Accretion processes in the planetary-mass regime remain poorly constrained, yet they strongly influence planet formation, evolution, and the composition of circumplanetary disks (CPDs). We investigate the resolved Balmer hydrogen emission-line profiles and their variability in the ~13Mjup, 30-45 Myr-old companion Delorme to constrain the underlying accretion mechanisms. Using VLT/UVES, we obtained 31 new epochs of high-resolution optical spectra (330-680 nm, R = 50,000), probing variability from hours to years. We analyze the shape and flux variability of hydrogen emission lines and compare them to two proposed origins: magnetospheric accretion funnels and localized accretion shocks. We detect Balmer lines from Halpha to H10 (6564-3799 AA) and a UV continuum excess, both indicative of ongoing accretion. All features are variable. The hydrogen lines decompose into two static components that vary only in flux. The broader velocity component correlates strongly with the UV excess and is qualitatively consistent with magnetospheric funnel models, but not with shock models. This component dominates the shape variability. The narrower component, which correlates less with the UV excess, is better matched by shock-emission models and drives most of the flux variability. Line fluxes show low variability on hour timescales but up to ~100% over weeks, similar to T Tauri stars. Our findings support magnetospheric accretion as the origin of the broad component. The narrow component may arise from accretion shocks or chromospheric activity. Higher-cadence observations could reveal rotational modulations and help constrain the object's rotation period and accretion geometry.

Figures (37)

• Figure 1: Illustration of the extraction process for one of the exposures, in the RED arm. Left: 2D reconstructed slit, before (top) and after (bottom) subtraction of the PSF models for both the primary and companion. Right: illustration of the extraction process at a single wavelength bin within $\mathrm{H}{\alpha}$. The blue and green shaded regions are the various Gaussian components used in the PSF fitting process for the primary and companion respectively (3 Gaussian components here for the RED arm). In both cases, the lower panel shows the modeling residuals.

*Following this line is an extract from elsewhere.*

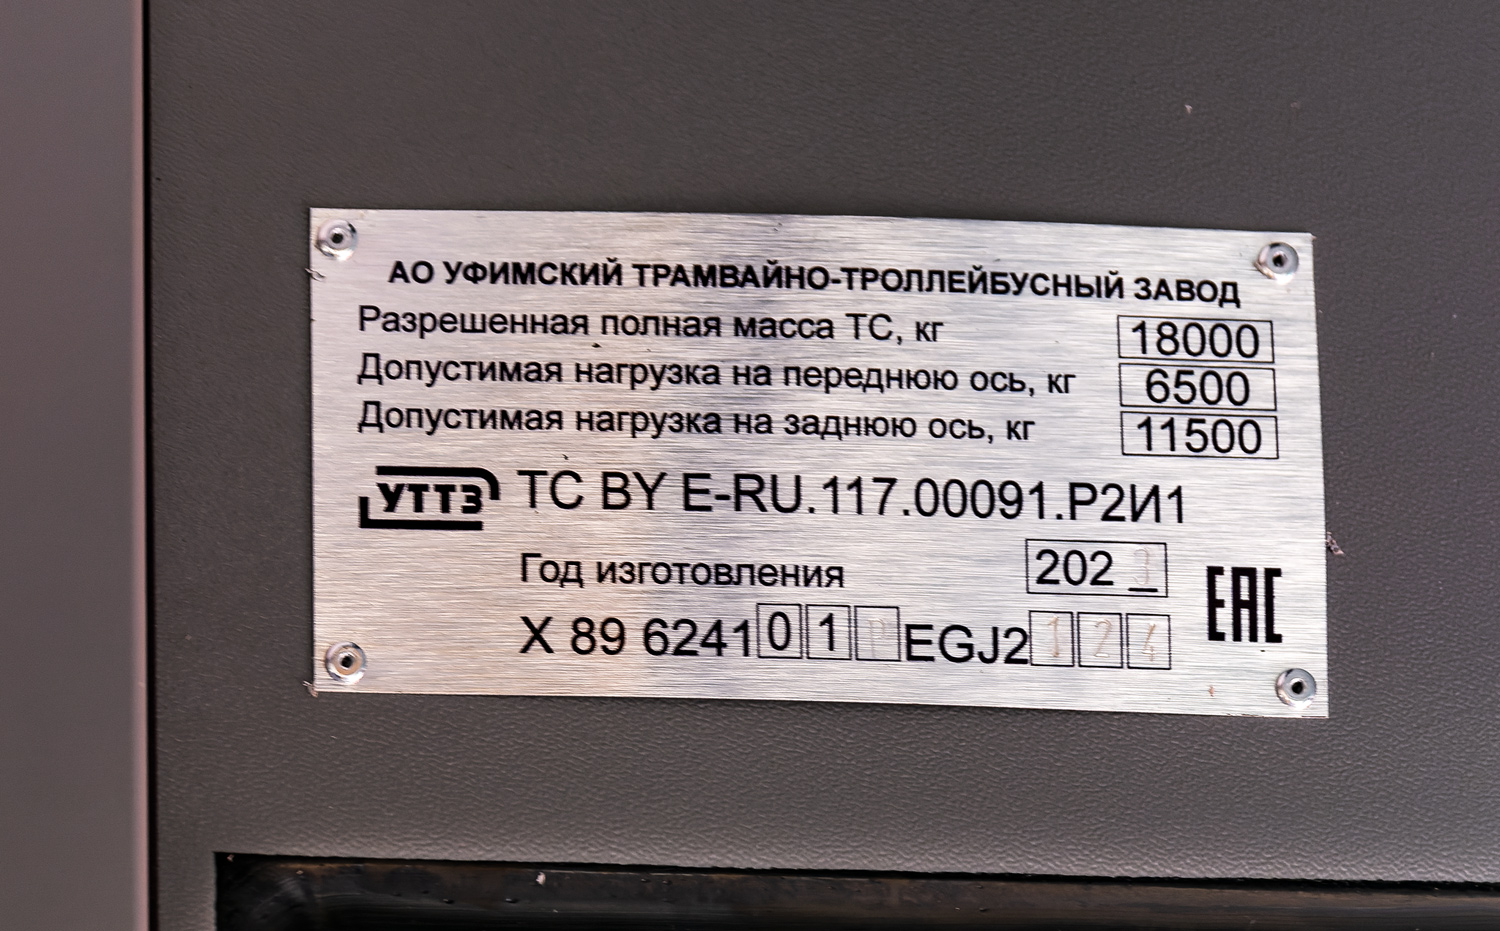 Ufa, UTTZ-6241.01 “Gorozhanin” № 1069; Ufa — Nameplates

• Figure 2: Illustration of the residual contamination correction, for the exposure 2022-11-05 UT 01:22:25. This corresponds to the case of highest contamination. Top panel: residual contamination factor (black) smoothed with a 10-px wide moving Gaussian box (red) and its associated error bars (black shaded region). Middle panel: companion spectrum as the output of the extraction process (black) with the contamination contribution (red) and contamination-corrected companion spectrum (green). All black-shaded regions were excluded from the fit, they correspond to emission lines and detector edges. Third row: contamination contribution within emission lines (same colors). The contamination removal process is able to remove most of the residual primary flux in the companion spectrum, which accounts for up $\sim10$ % of the lines flux depending on the exposure.
• Figure 3: Final spectra over the full spectral range. All Delorme 1 (AB)b spectra, overlaid in black, with the mean spectrum in red. All spectra were smoothed to $R=5000$ for clarity. The UV excess of Delorme 1 (AB)b is clearly visible below $\sim$3700 Å, as well as the generally flat continuum shape. The line marked as an artifact is due to a bad pixels row of the detector.
• Figure 4: Balmer lines of Delorme 1 (AB)b. Each panel shows the mean line of each observing epoch (11 epochs), from $\mathrm{H}{\alpha}$ to $\mathrm{H}{\epsilon}$. The last panel shows the mean line (over all epochs) for each transition order, all the way up to H$_\uptheta$/H10. All lines are plotted after subtracting the local continuum baseline, averaged between $(-750;-400)$ and $(+400;+750)$$\mathrm{km/s}$. The lines show great profile and amplitude variability across epochs.
• Figure 5: Comparison of the mean $\mathrm{H}{\alpha}$ line profile of Delorme 1 (AB)b to that of two young sub-stellar objects with disks (left: CFHT BD Tau 4, center: ChaHa-1) and of a Class III 15 $\mathrm{M}_{\mathrm{Jup}}$ brown dwarf (right: KPNO Tau 4). We scaled (in red) the profile of Ca Ha 1 to the free-fall velocities expected for Delorme 1 (AB)b. The profiles are similar to that of CFHS BD Tau 4 and ChaHa-1, but not to that of KPNO Tau 4.